Dear Firstborn, This Is My Biggest Parenting Regret

Dear Firstborn,

I have regrets. You'll have them, too, someday. We all do. Once you become a parent, these regrets may swirl around your head like a black fly refusing to buzz away.

You made me a mother. You poured more love into my heart than I ever thought possible. When you were a baby, your sweet coos from the monitor woke me each morning. I clutched the covers to my chin and thanked God for you while I listened a little longer. Then, I skipped to your crib, our dark eyes met, and the corners of our lips magnetically went upward.

I had high expectations from even those early days. As my firstborn, you would be perfect. You'd sleep through the night, walk before age 1, learn your ABCs, potty-train, and even start simple addition. As a teacher, I'd shape you like the Play-Doh in your chubby fingers. And now, just like that, you're in kindergarten. And things aren't perfect — you're not perfect. Sometimes the disappointment you feel bears down on you, and I take responsibility for that.

I regret climbing a ladder and placing you high on that pedestal. Turns out, kindergarten is hard. You come home with dark circles under your eyes, tired of working both your body and brain. At 5 years old, stress is clenched in your fists. I know you're not taking it out on me. You can't help it.

Now someone else is teaching you. It's my turn to love you only — no more teaching. When you get home from school, it will be no homework, no pushing you to do anything more. It's time to connect through touch, a game of war, and a book, if you're up to it.

Sweet firstborn, it was my job to prepare you for school, but I regret putting pressure on you to only succeed. That's impossible.

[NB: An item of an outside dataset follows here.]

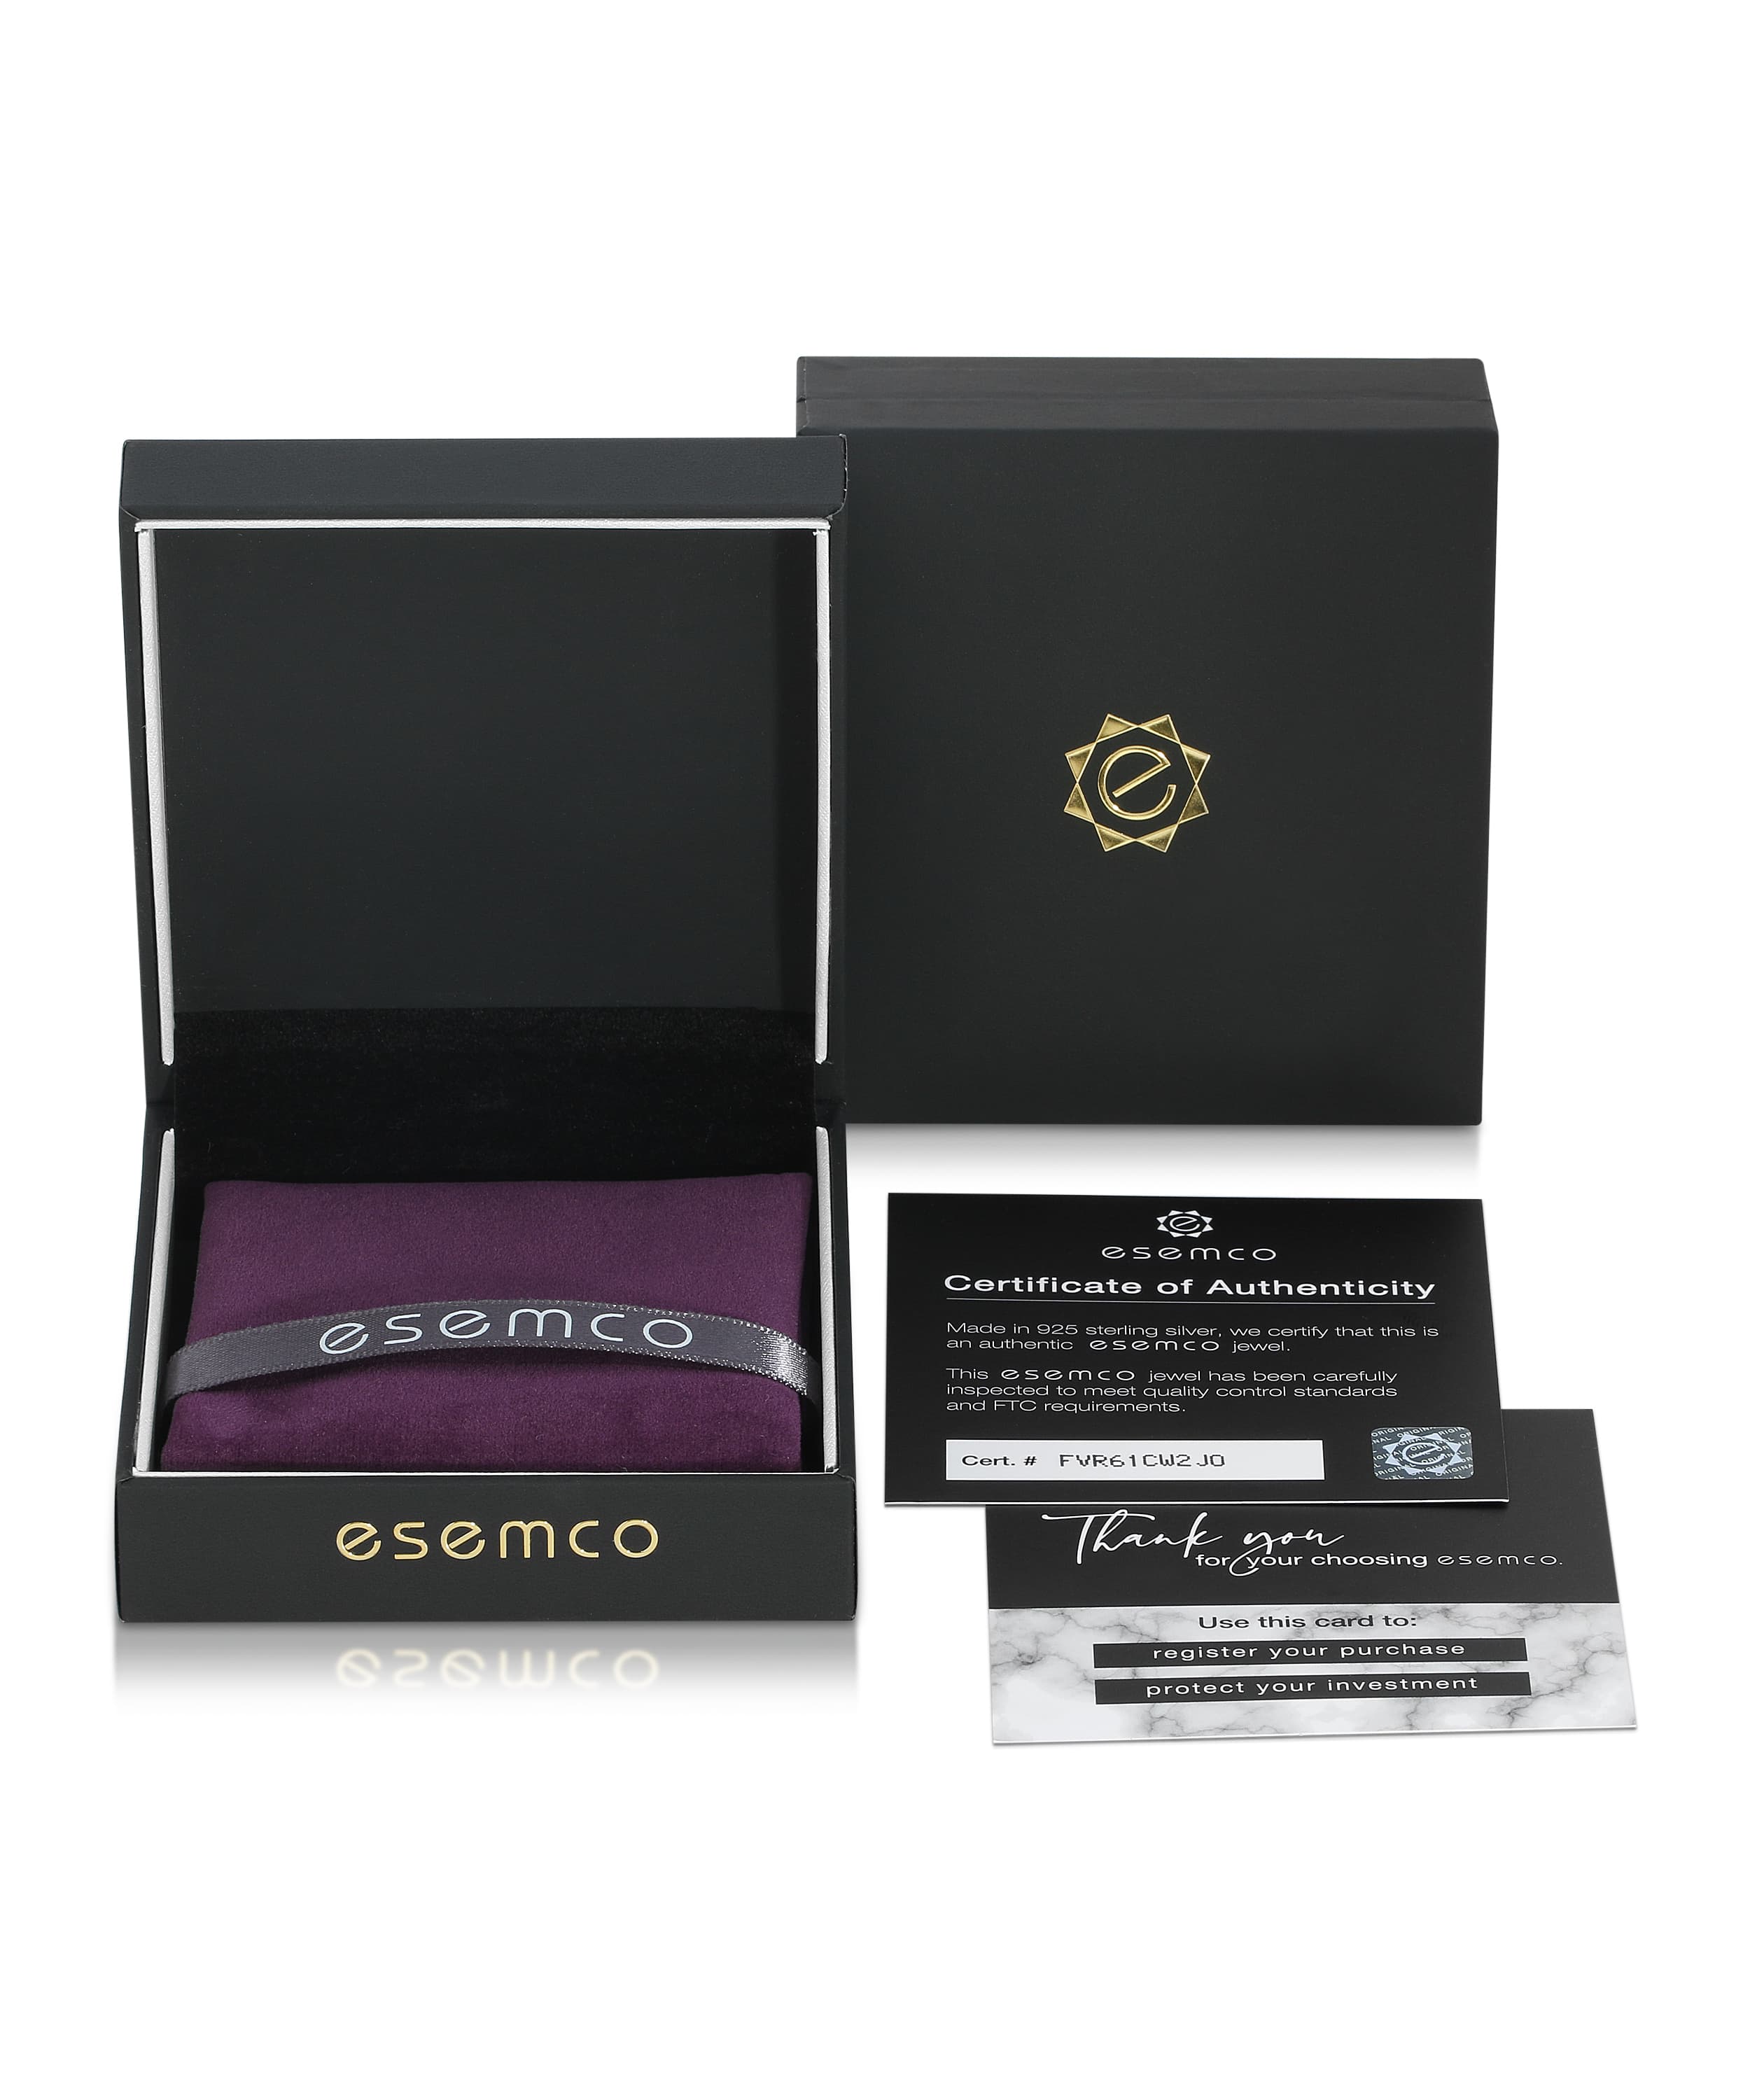 ESEMCO Diamond 18k White Gold Letter S Initial Open Ring View 4

Humans fail, but then we get up.

From here on out, I will encourage you and still push you when you need it, but I've taken you down from that pedestal, knowing that it will hurt more when you fall from the top. You can make it back up there on your own; you don't need your mother delicately placing you there. Parenting you is the greatest accomplishment of my life, even with that black fly of regret circling my head, and although you're not perfect, you're perfect as my son.